Constructed an Inverted Index for a Wikipedia dump of around 60gb that would serve for the retrieval of documents related to the search query with an average retrieval time of around 1 sec per query The link to the dataset can be found here : ftp://10.4.17.131/Datasets/IRE_Monsoon_2017/WikiSearch/
- parsing.py - File containing all functions related to XML parsing.
- processing.py - File containing function which takes as input title, id and content of a wiki page and preprocesses it.
- indexing.py - File which performs the actual indexing and secondary level and offset files.

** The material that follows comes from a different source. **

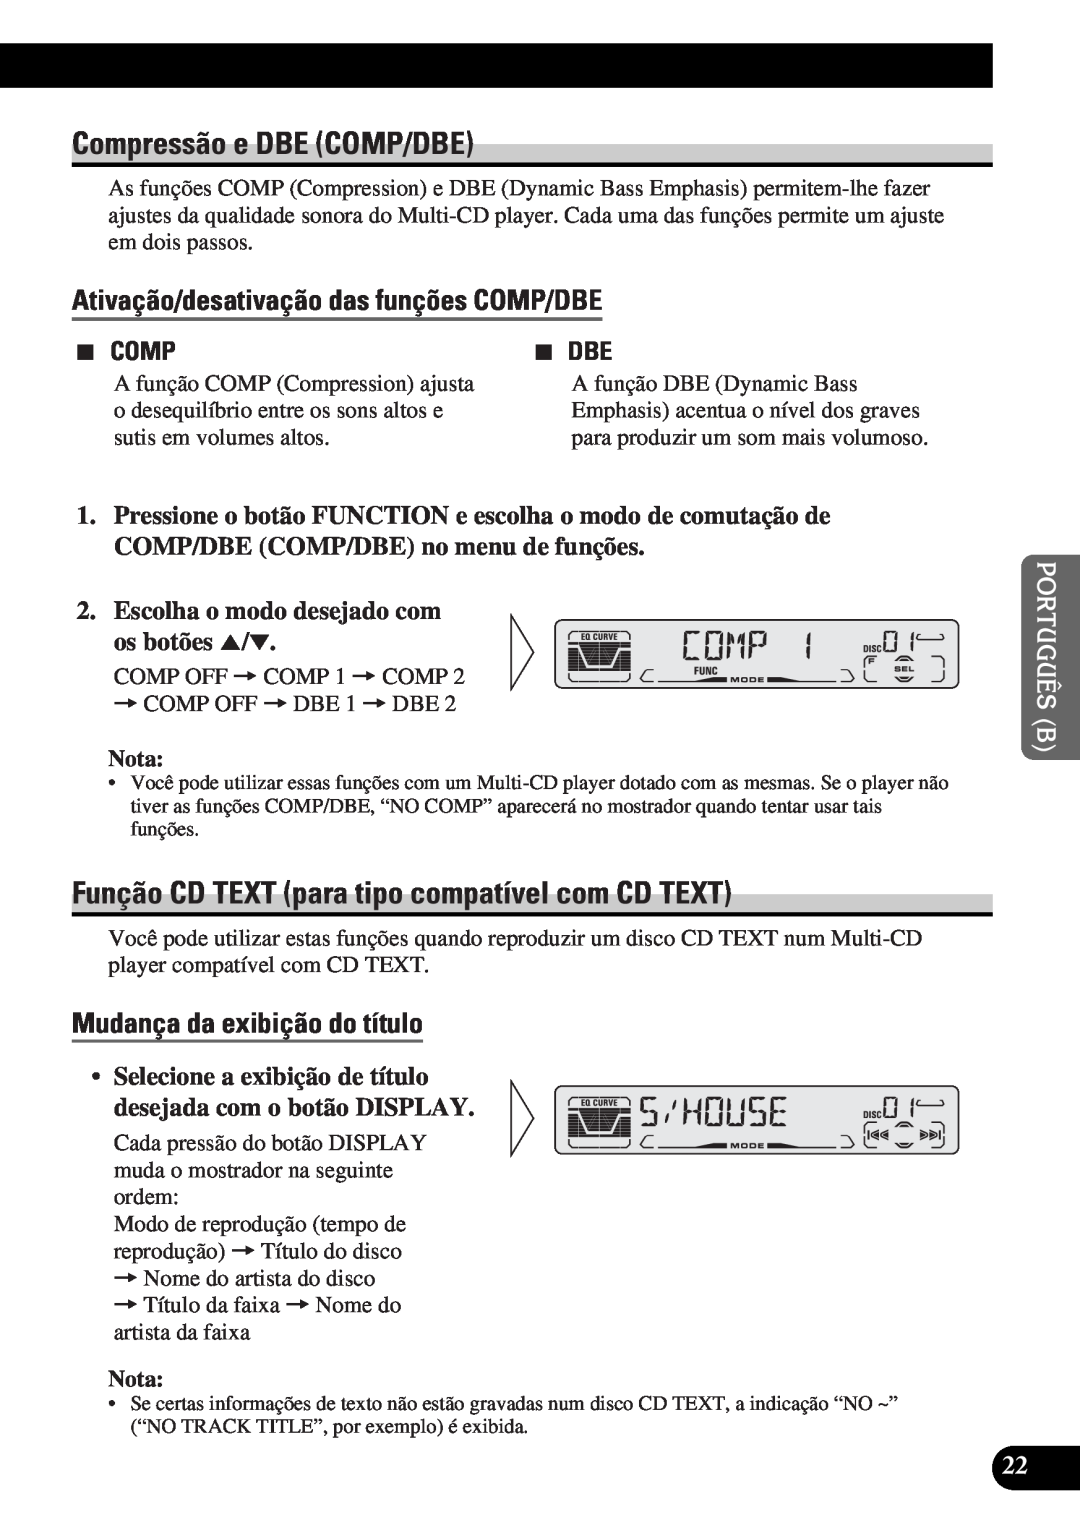 Pioneer DEH-P3150-B Compressão e DBE COMP/DBE, Função CD TEXT para tipo compatível com CD TEXT, 2299, 7 DBE, Nota

- search.py - Main file containing all the code for query processing and retrieval of results
- IndexFiles - Initial index gets created here
- Secondary_index_files - The secondary level indexed files are stored here term_id wise
- Offset_files - Offset files for these secondary_index files are made here
- TermDict - Pickle file containing the term-term_id map is made here
- Title_id_map - File containing page_id-title map is made here
- full_wiki.xml - The XML file containing the full data of wikipedia
Run Search.py - An infinite loop runs expecting queries that ends with the exit command.
-
Field query - Assuming that fields are small letters(b, i, c, t, r, e) followed by colon and the fields are space separated. “b:sachin i:2003 c:sports”
-
Boolean query - Assuming that the boolean operators are given in capitals (AND, OR, NOT) and remaining words are space separated. “Sachin AND Dhoni NOT Sehwag”
-
Normal query - Any sequence of words that doesn’t satisfy the above conditions is considered a normal query. “Virat Kohli”
less than 3 words, time to fetch results is < 1s
between 3 and 7 words, time to fetch results is Around 2-3s